§ EXERCISE MATERIAL:
⁂

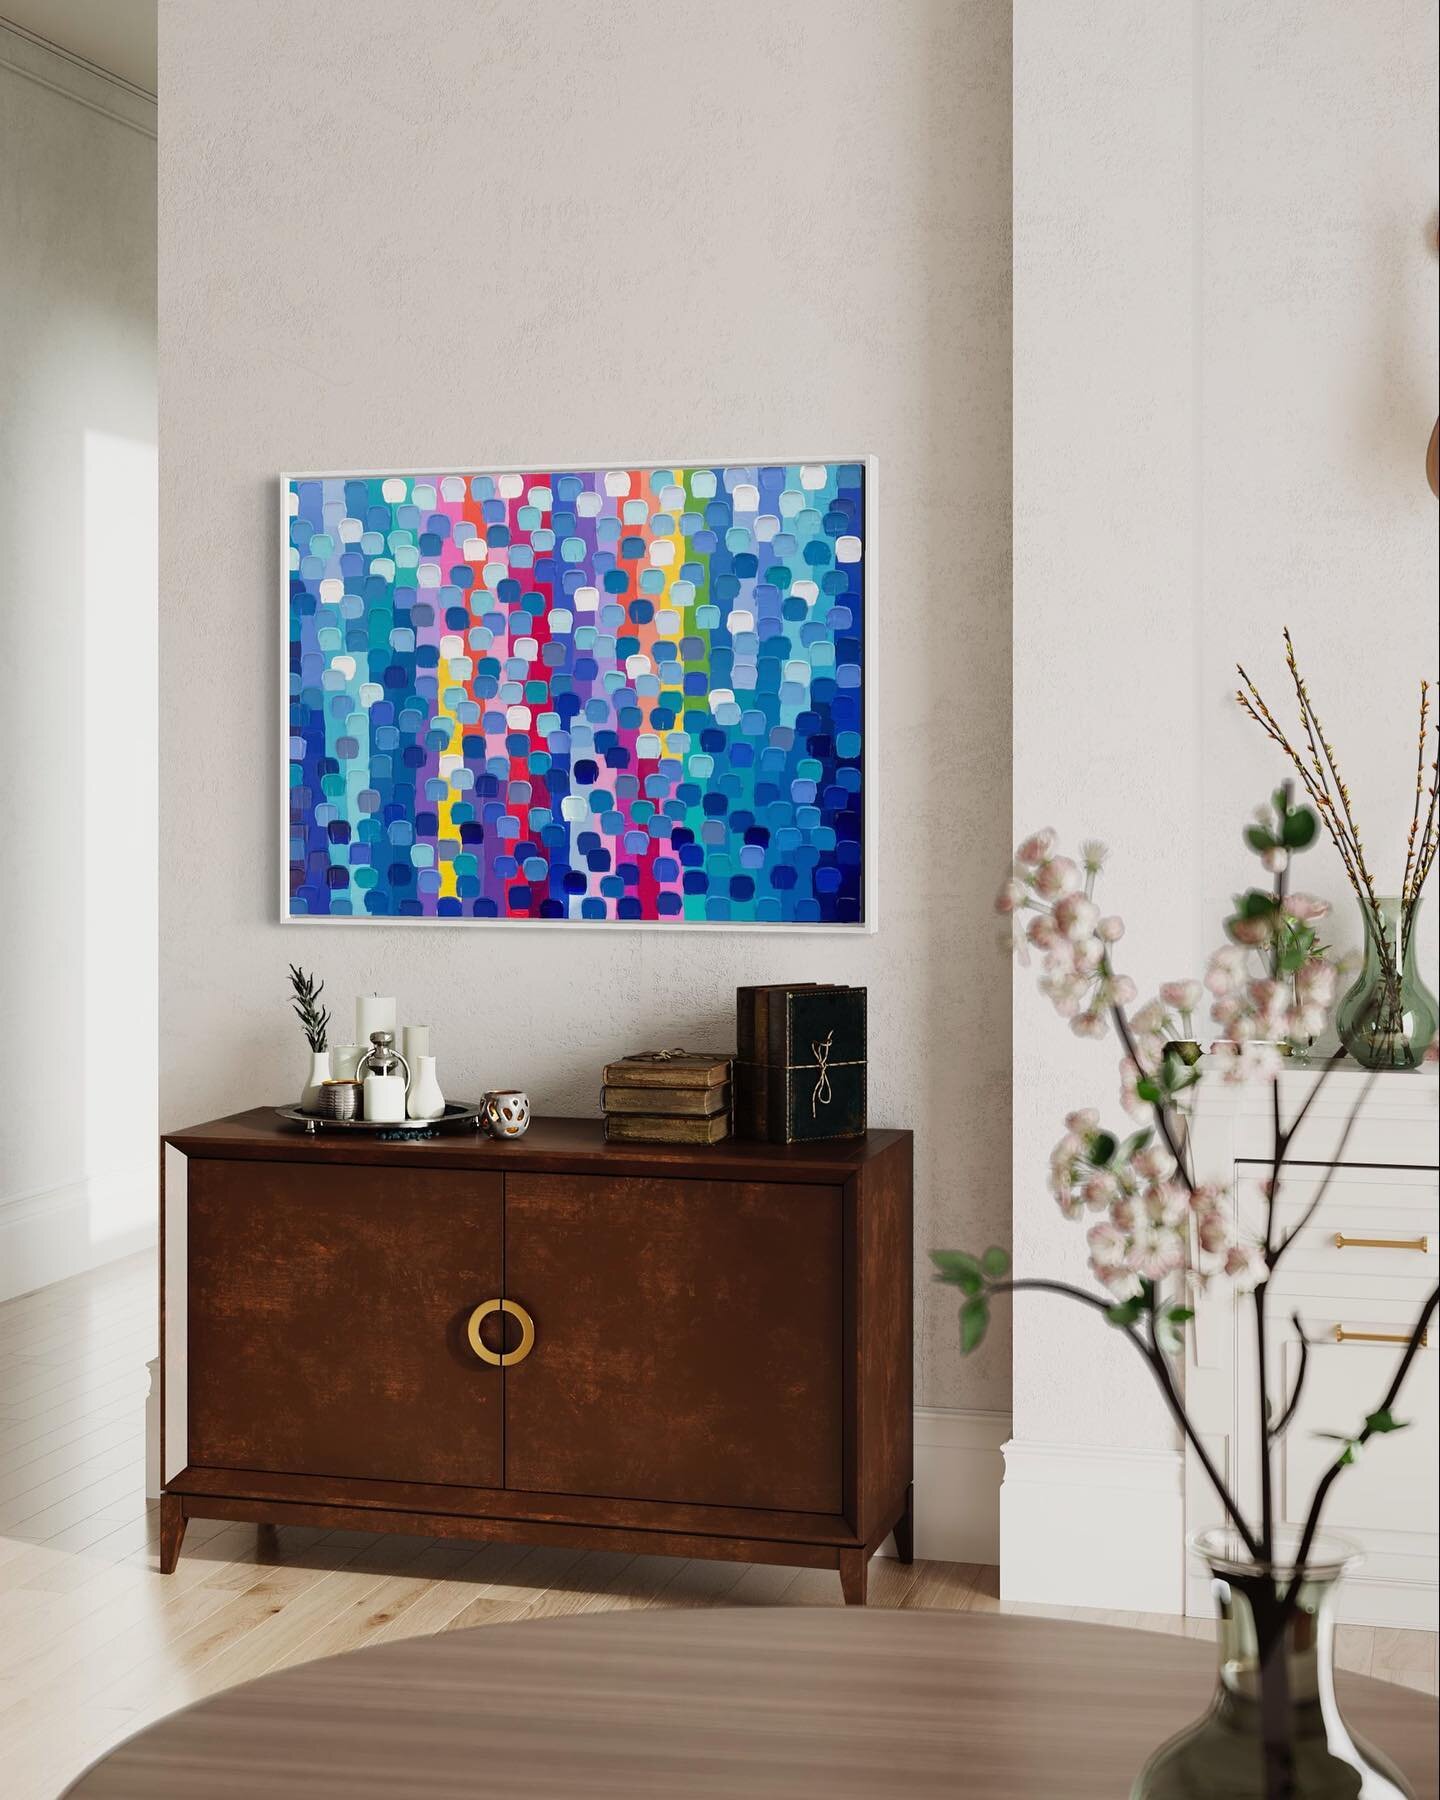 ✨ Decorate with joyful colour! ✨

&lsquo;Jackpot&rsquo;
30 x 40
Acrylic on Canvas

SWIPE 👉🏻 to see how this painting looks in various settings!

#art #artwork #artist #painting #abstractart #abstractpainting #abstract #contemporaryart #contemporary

⁂

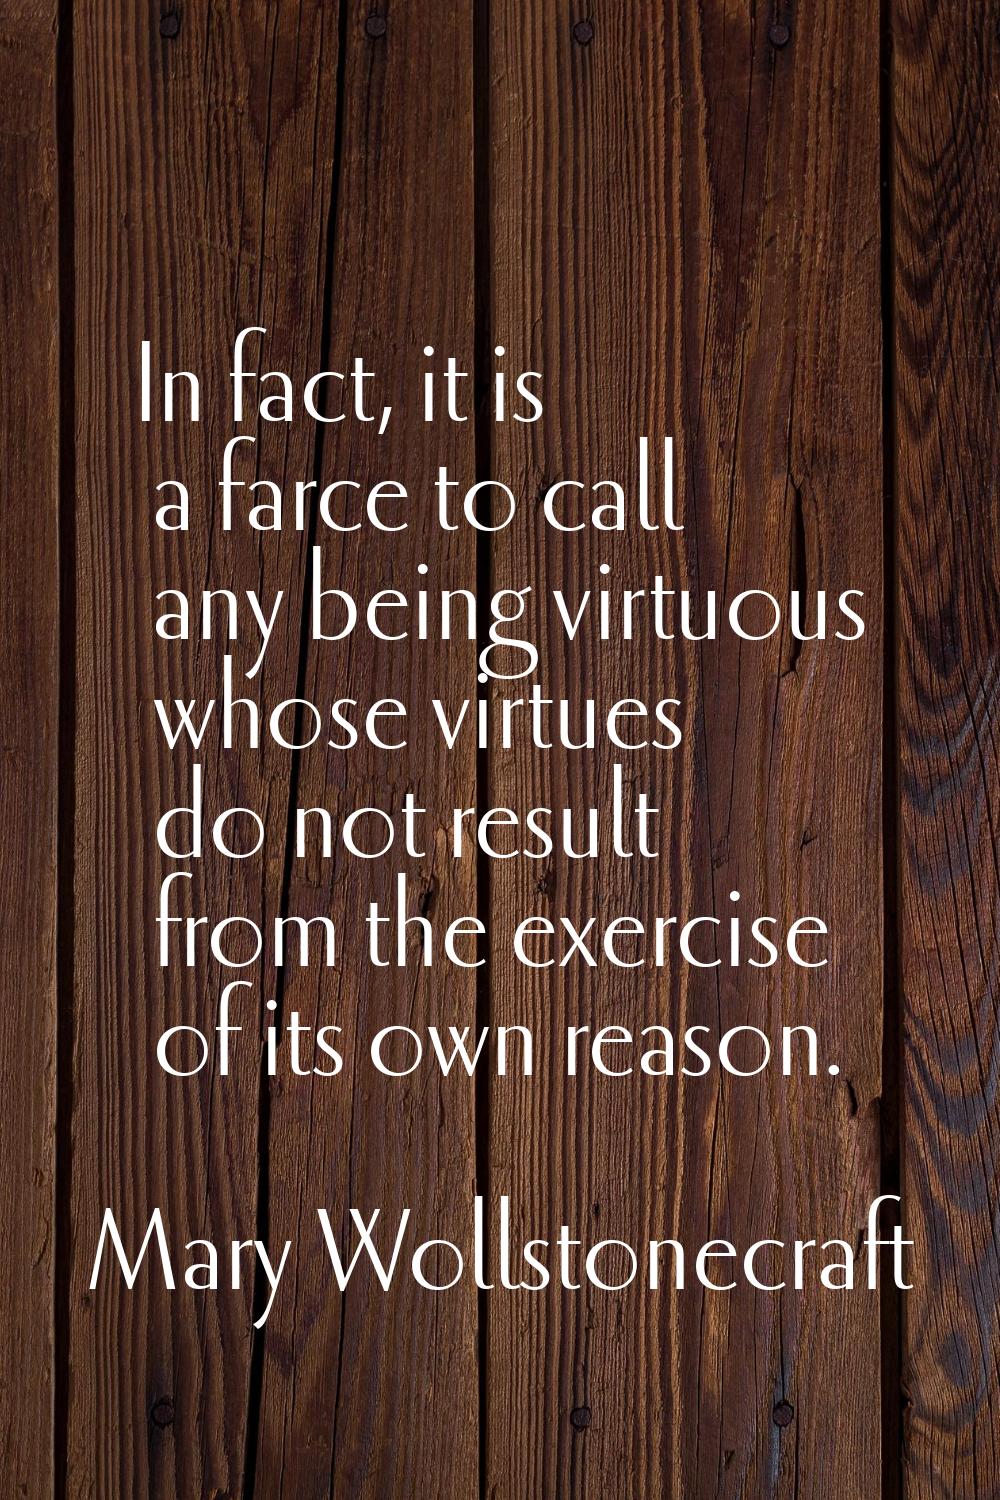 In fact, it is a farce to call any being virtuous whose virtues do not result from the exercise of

⁂

§ WORK INSTRUCTIONS: Copy exactly the lines of the entries above from the one containing "joyful colour! ✨" through the one containing "#art #artwork #artist". Both end lines count; pictures do not.

§ RESPONSE BOX:
 ✨ Decorate with joyful colour! ✨

&lsquo;Jackpot&rsquo;
30 x 40
Acrylic on Canvas

SWIPE 👉🏻 to see how this painting looks in various settings!

#art #artwork #artist #painting #abstractart #abstractpainting #abstract #contemporaryart #contemporary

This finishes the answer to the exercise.